* PROBLEM STATEMENT: In the records below, find the line that contains "Husqvarna Banner" and the line that contains "Sunset Wedding Photos"; write out exactly those two lines and everything between them, without the pictures.

* RECORDS FOR THE TASK:
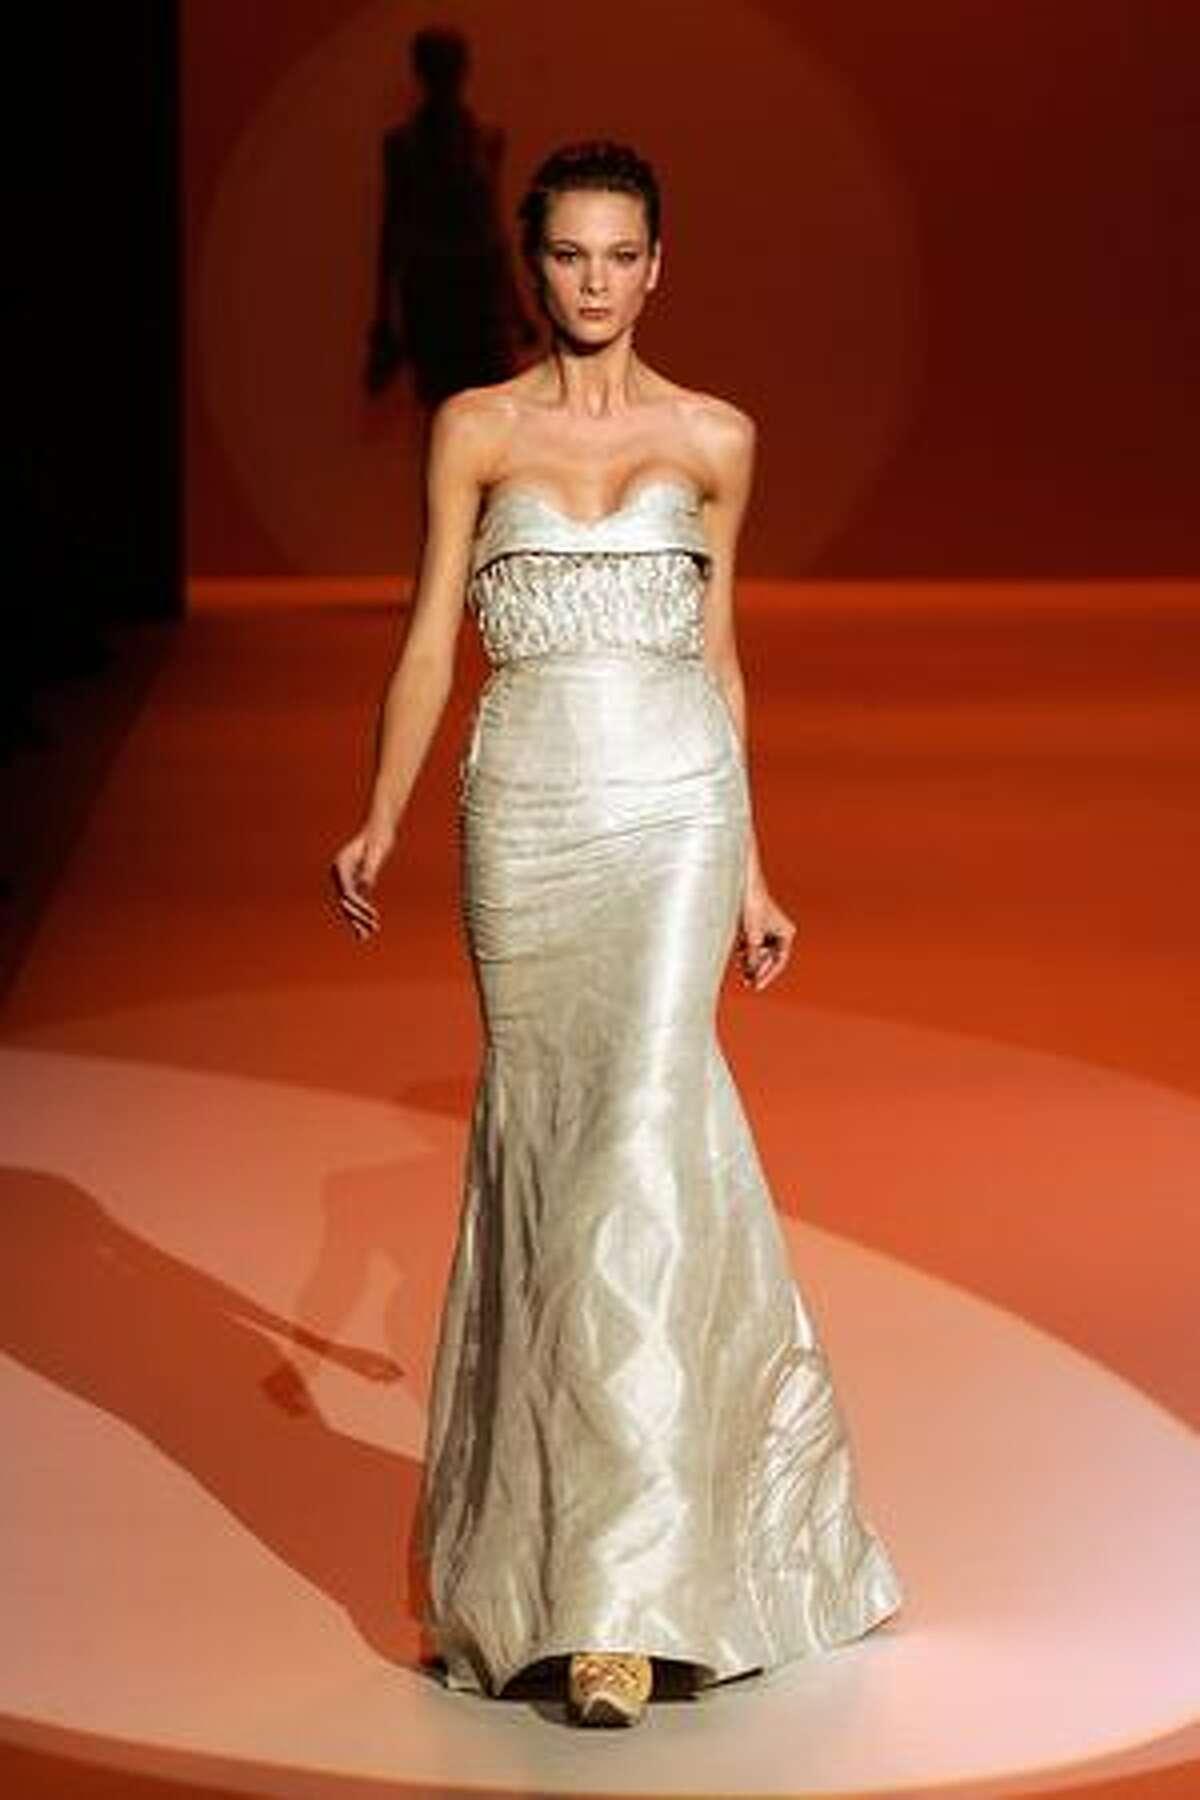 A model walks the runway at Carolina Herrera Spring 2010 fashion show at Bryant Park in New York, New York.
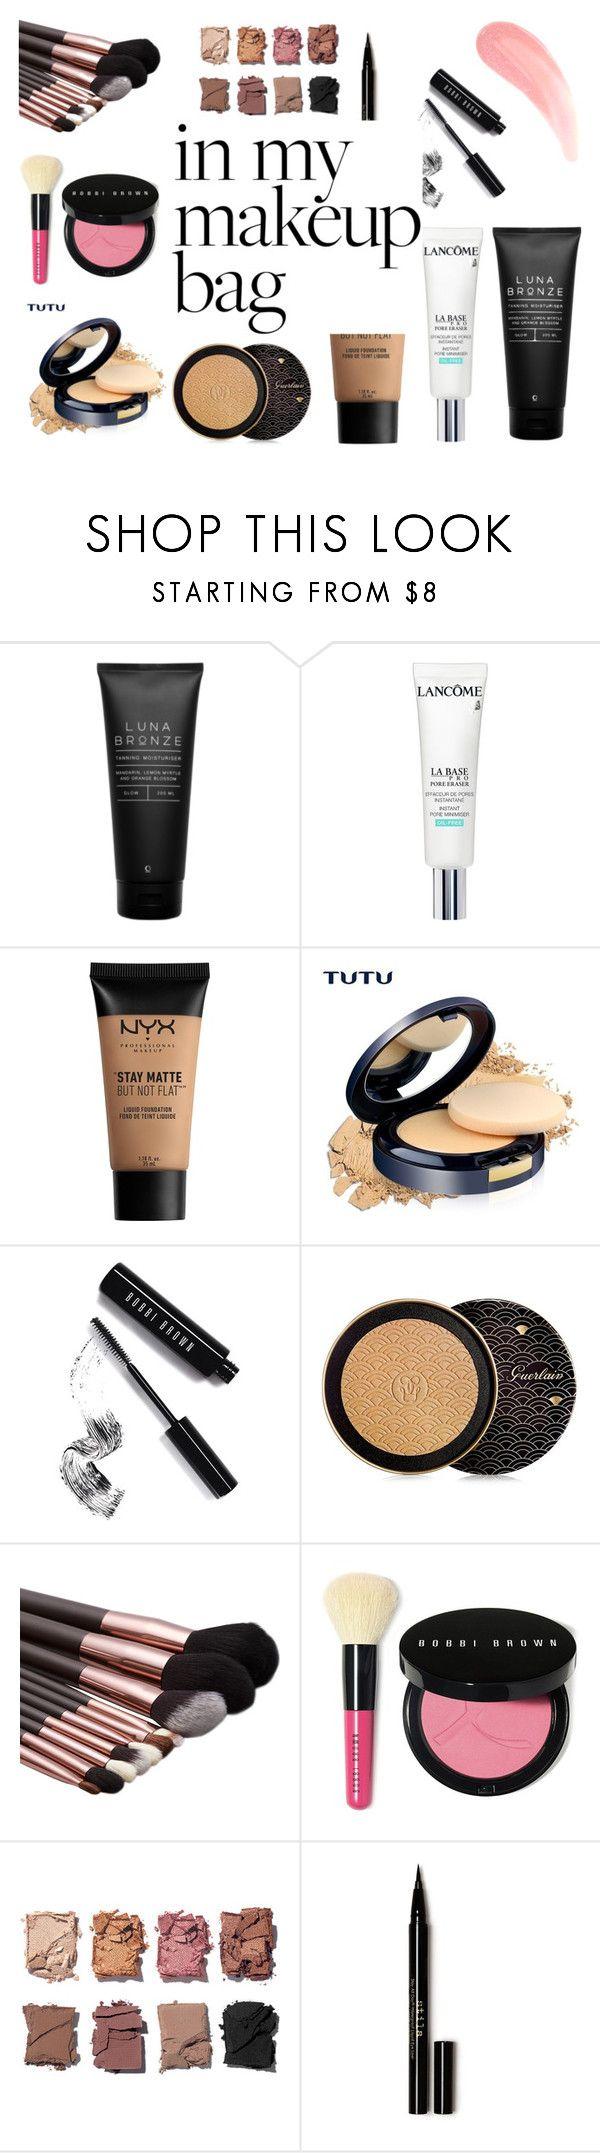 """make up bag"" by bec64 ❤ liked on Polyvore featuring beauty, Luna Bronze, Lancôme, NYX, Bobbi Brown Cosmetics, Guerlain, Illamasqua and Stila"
...
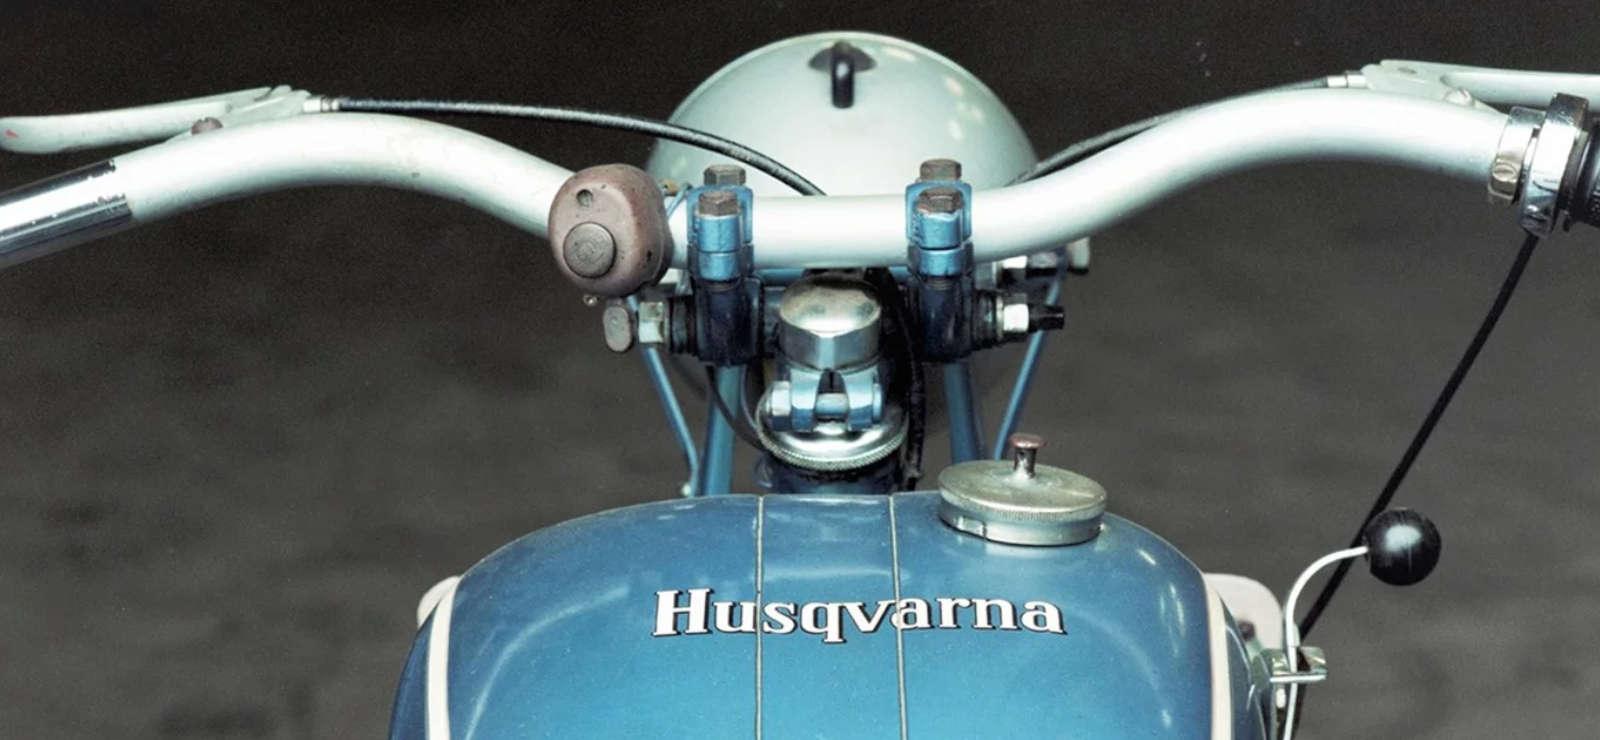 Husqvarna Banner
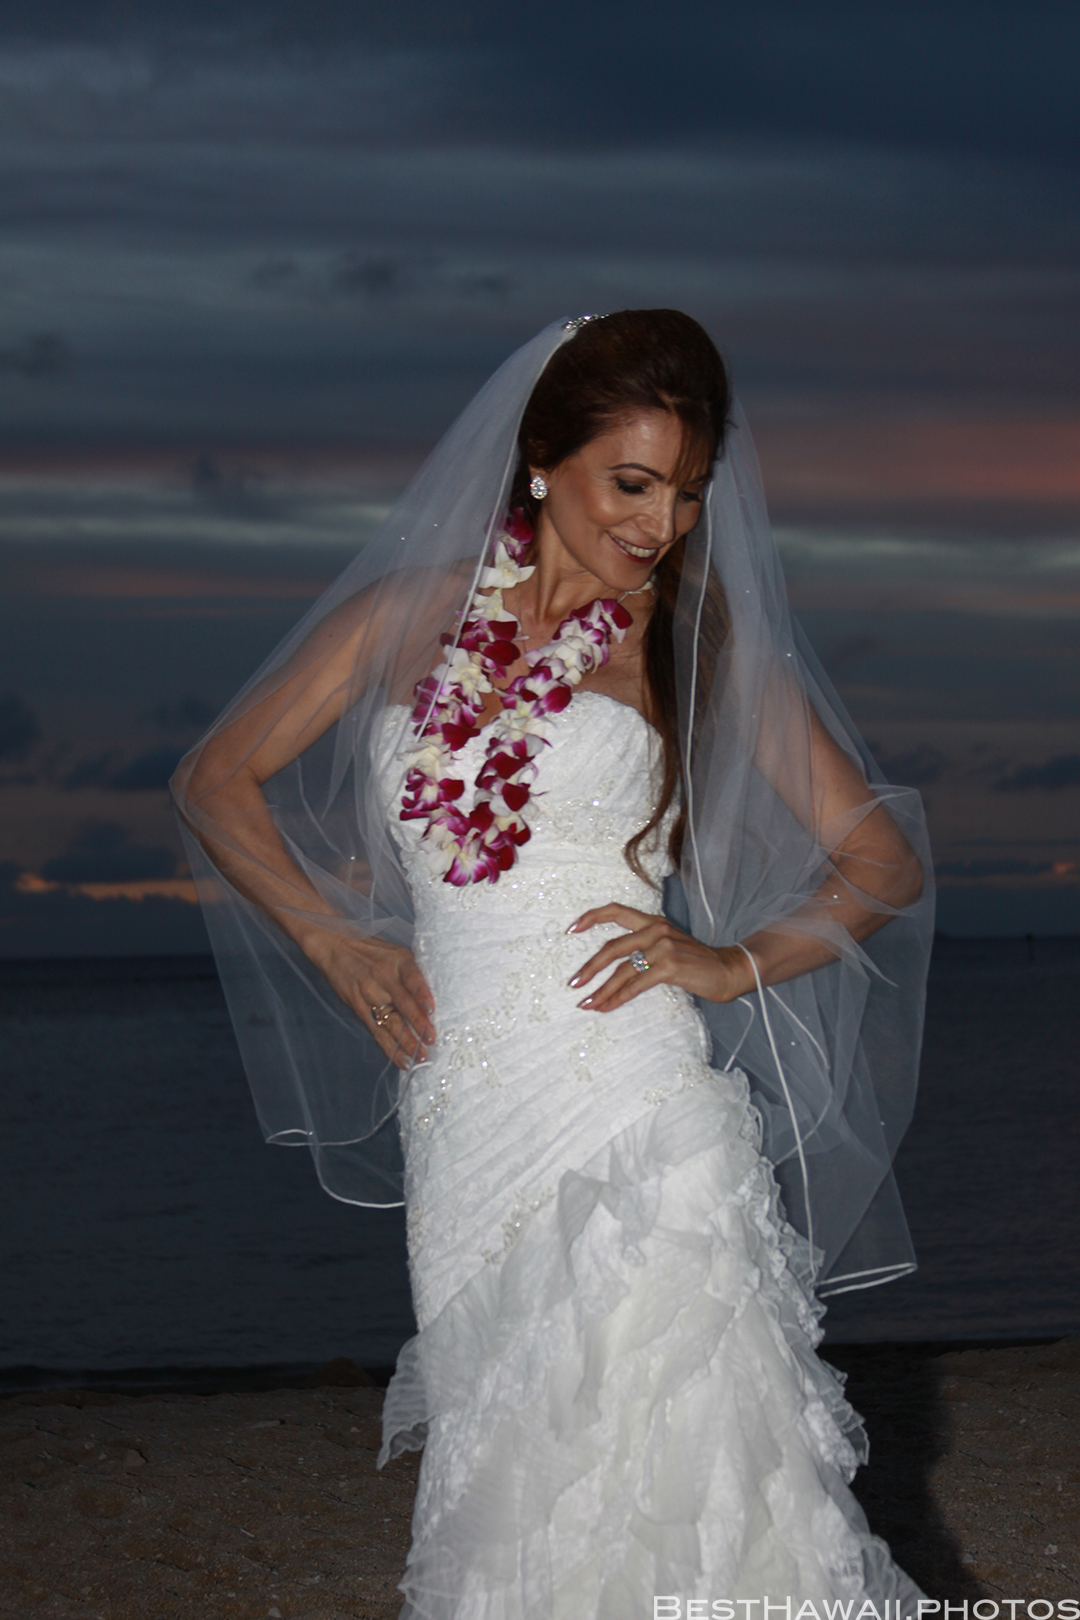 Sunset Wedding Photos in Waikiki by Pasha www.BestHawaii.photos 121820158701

* REPLY:
 Husqvarna Banner
 Sunset Wedding Photos in Waikiki by Pasha www.BestHawaii.photos 121820158701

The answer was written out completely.